Sunday, May 17, 2009

Shearing Day 2009

For shearing this year we took all our alpacas over to Ashton Stone alpacas, where the shearer came to shear all of our alpacas. On Friday night we made 2 trips, first brought over the girls, then the boys. We could have fit everyone in on one trip, but decided it best to keep boys and girls separate. Ashton Stone has a nice big barn and could fit everyone. We were worried because rain was predicted for Friday night, but we got everyone in the barn fine. Of course, then it didn't rain.

Sancha was due with her cria on shearing day, and we had hoped shearing might induce her. No baby yet. Ashton Stone had one due a couple weeks before shearing day, and she also did not deliver (though she may be doing so today - I hope!).

This shearer has a rope set up that lays on the ground. Last year we used a table so this was a different set up. I thought the ground would be worse but we found it to be even better. It was much less strain on our backs and it seemed to hold the alpacas better (no fear of them slipping since they were already on the ground). It was a huge help to have Ashton Stone there too, so there were more adults around to help (last year we counted a lot on the kids and our nieces, who were a great help but not quite like having other adults there).

Everything went well and everyone got shorn. I got some pictures of Shelby strapped up and in process of shearing:

During shearing one person holds the alpacas head. All legs are pulled in ropes so that they cannot move. Some alpacas really hate this and scream the entire time. We had a couple who spit (a sock over their mouth prevents spit from getting all over everyone who is there to help). Other alpacas lay there and just let us do the shearing without a sound. The alpaca does need to be flipped over so that all sides of them can be shorn. If they are very pregnant, like the 2 who were due on or before shearing day, you have to be careful flipping them so it does not create uterine torsion. For the girls who are less far along in their pregnancy it doesn't matter. Some alpacas need more holding, the squirmers do. Others are fine with just one person holding their head. Other helpers pull the rope and loosen the ropes as needed, and there are people gathering the fiber and putting it in bags.

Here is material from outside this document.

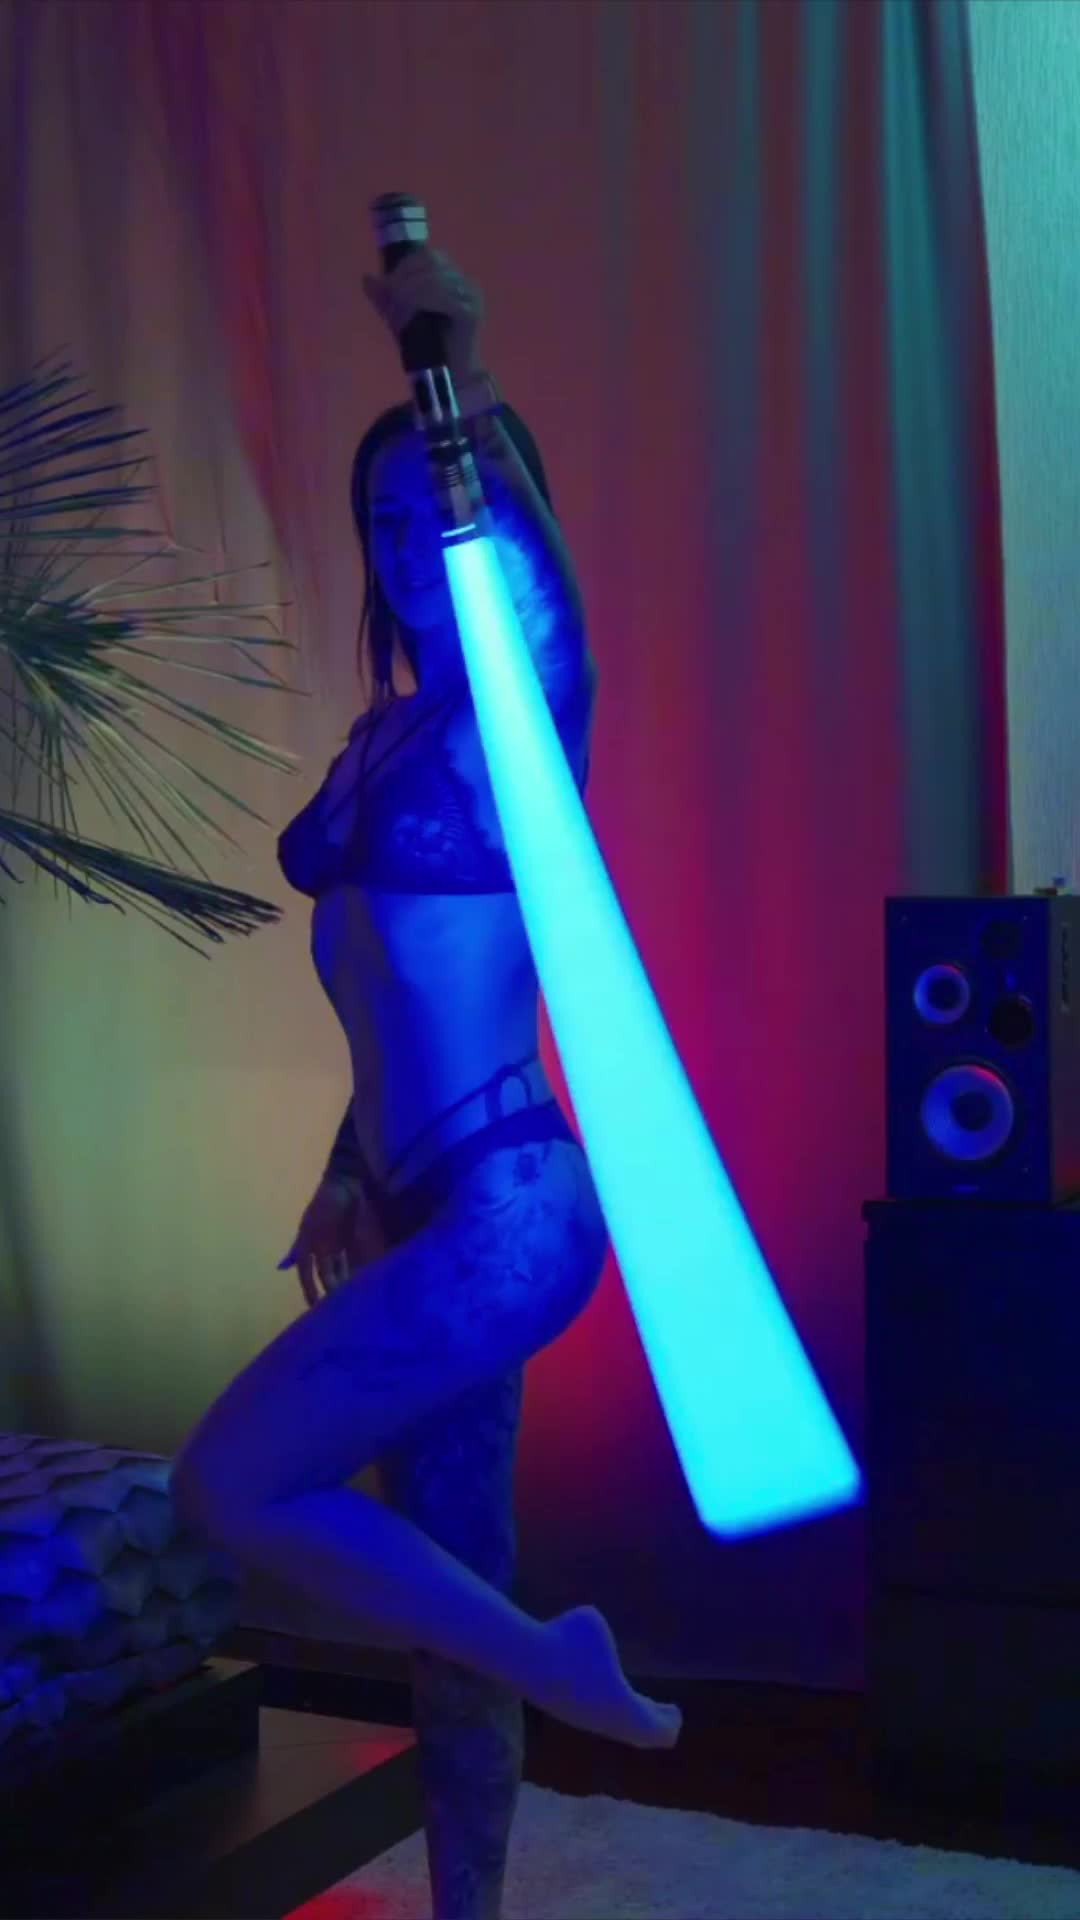 Watch the Video by Stripchat with the username @Stripchat, who is a brand user, posted on May 13, 2021. The post is about the topic Banned Tik Tok. and the text says 'If shes this good with a light saber, imagine how good she would be with your light saber ;) [GirlGogo]'

We decided to weigh our alpacas before and after shearing so that we could get a total weight of what was shorn. We also weighed their prime fleece to find out how much blanket weight they have. You can trim their nails and teeth while they are strapped down (might as well do all those things you can). We had the fighting teeth on both Tucker and Apollo trimmed. You can also give shots, and any other herd health thing you desire.